You know what it’s like to have to fight every single day to get out of bed, to struggle to fulfill the most basic responsibilities, to feel your world shrinking smaller and smaller around you.

You know what it’s like to feel suicide creeping closer and closer, tempting you with the idea of such blessed rest and peace, until the only things holding you back are the pain of your friends and family and frankly, the effort it would actually take to kill yourself.

Most people who have suicidal ideation have one specific temptation for how they would go about it.

For me it was driving my car into the supports of an overpass on the freeway.

At one point my junior year I had to give my car keys to my roommate because I didn’t trust myself not to do it.

I know I’m not the only one who’s been there.

There are more people in this room who have been in that place than we probably realize, and for sure every single one of us knows someone who has.

When I crash landed there, I went to campus health, started working with a counselor and tried every anti-depressant on the market.

Nothing seemed to help.

I had one lifeline and I held on to it with all of my strength: the church.

I drove back to the city from my college town to every service offered at my home parish in Kansas City, not just Sunday morning but every feast day, any weekday service I could manage.

I went to the noon Eucharist on campus (I was the only student there with the priest and mostly retired faculty) and the Sunday night and weeknight campus ministry services.

I spent hours and hours in the chapel by myself begging God to help me, to save me from drowning, to teach me how to live like a normal person because I somehow couldn’t be a regular carefree college kid.

And of course all this churchgoing made me super popular in the dorms.

It didn’t take many iterations of my turning down a trip to the bars for a few hours in the chapel to shrink my circle of friends to pretty small.

The strange and amazing thing about it all as I look back is that it is in this atmosphere of complete poverty of the self, of lostness and despair and abject pain, that my vocation was born.
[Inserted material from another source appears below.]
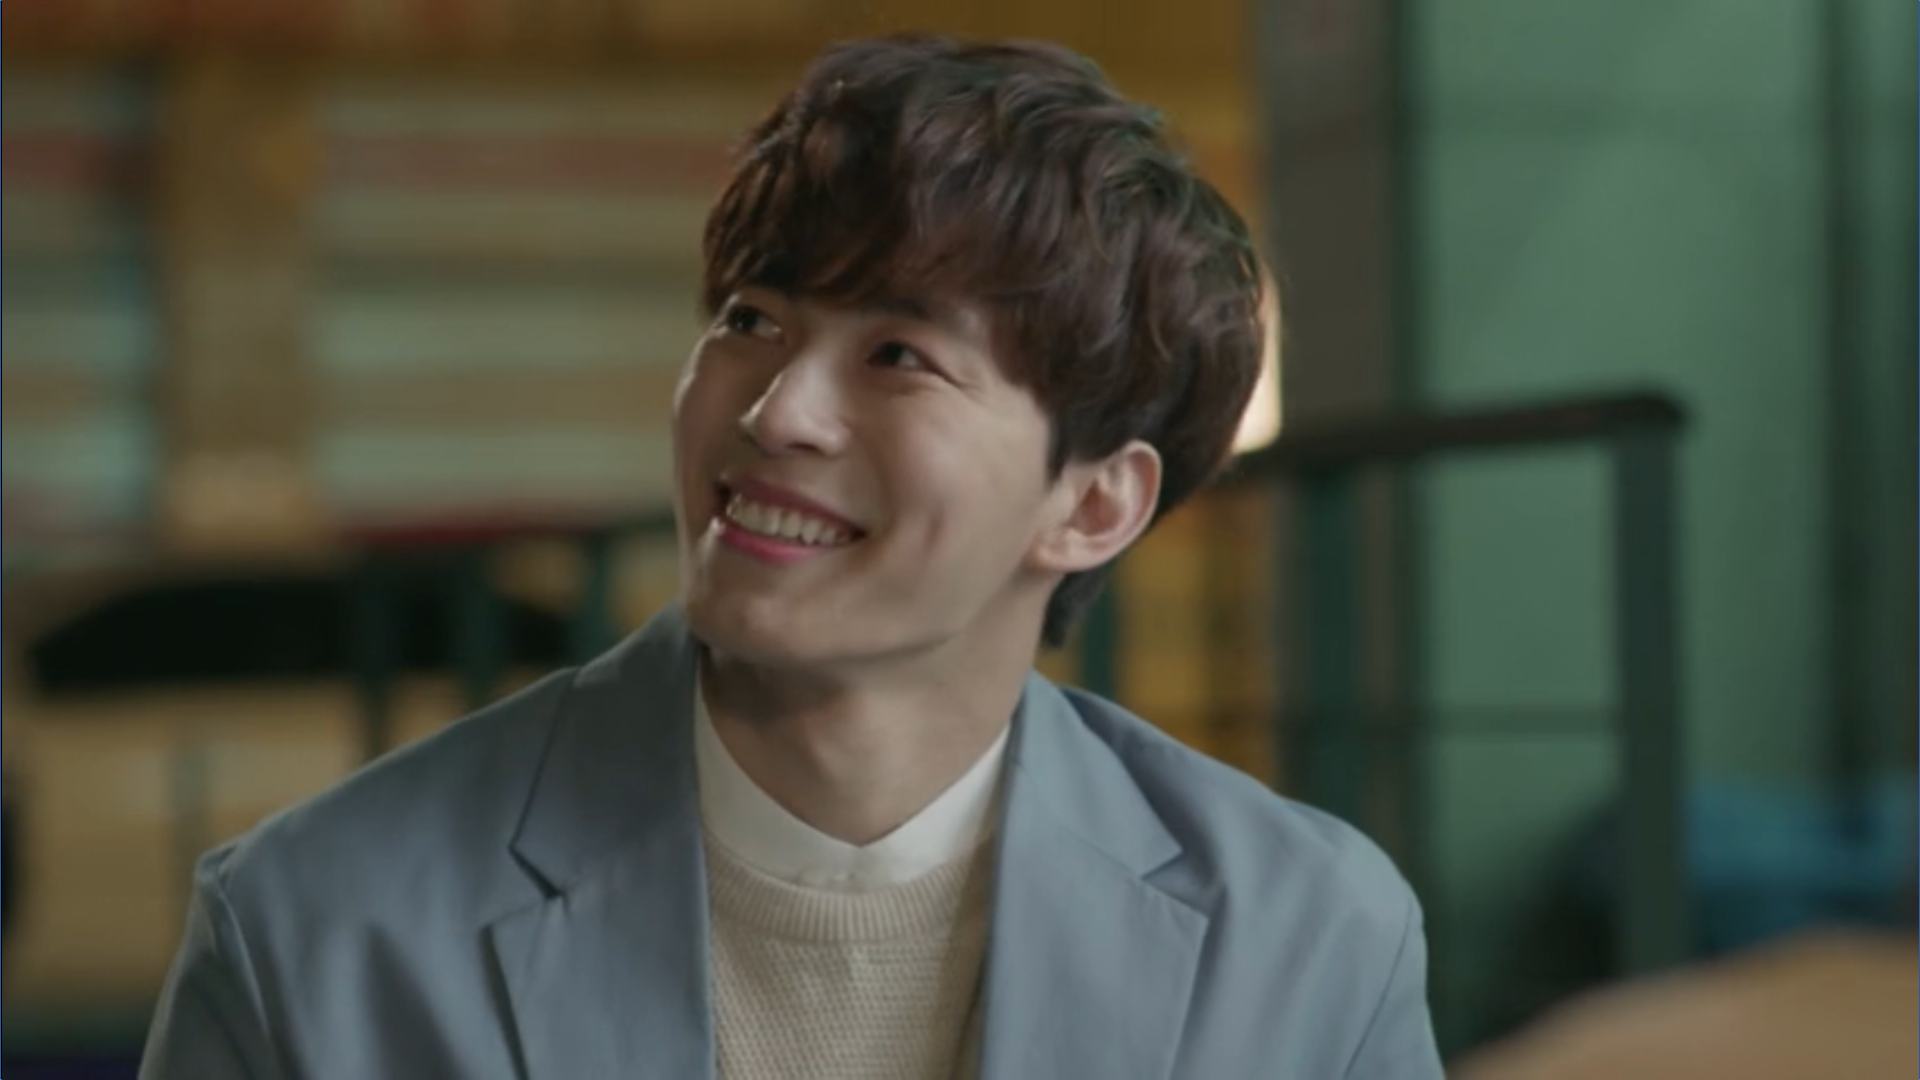 Wednesday 3:30 PM Yoon Jae-won smiling

And it came to life in the words of this psalm.

“How dear to me is your dwelling, O LORD of hosts! My soul has a desire and longing for the courts of the LORD; my heart and my flesh rejoice in the living God. The sparrow has found her a house and the swallow a nest where she may lay her young; by the side of your altars, O LORD of hosts, my King and my God.”

These words resonated in me like no scripture had before.

I was the sparrow, and I had found my home by the altars of God.

I started to know, even in the deepest self-doubt, that God had something for me to do, and that something was to devote myself to God’s people and God’s house in every possible way.

The church was my haven, my sanctuary, my port in a storm, my last handhold on life to be honest with you, and I started to know that an important part of my life would be to help make it a haven and a sanctuary for others.

Several years later when I doing seminary visits to try to figure out where to go, I went to the 10 p.m. Compline service at Christ Church, New Haven.

At that service, the church is entirely dark, lit only by hundreds of votive candles scattered around the nave.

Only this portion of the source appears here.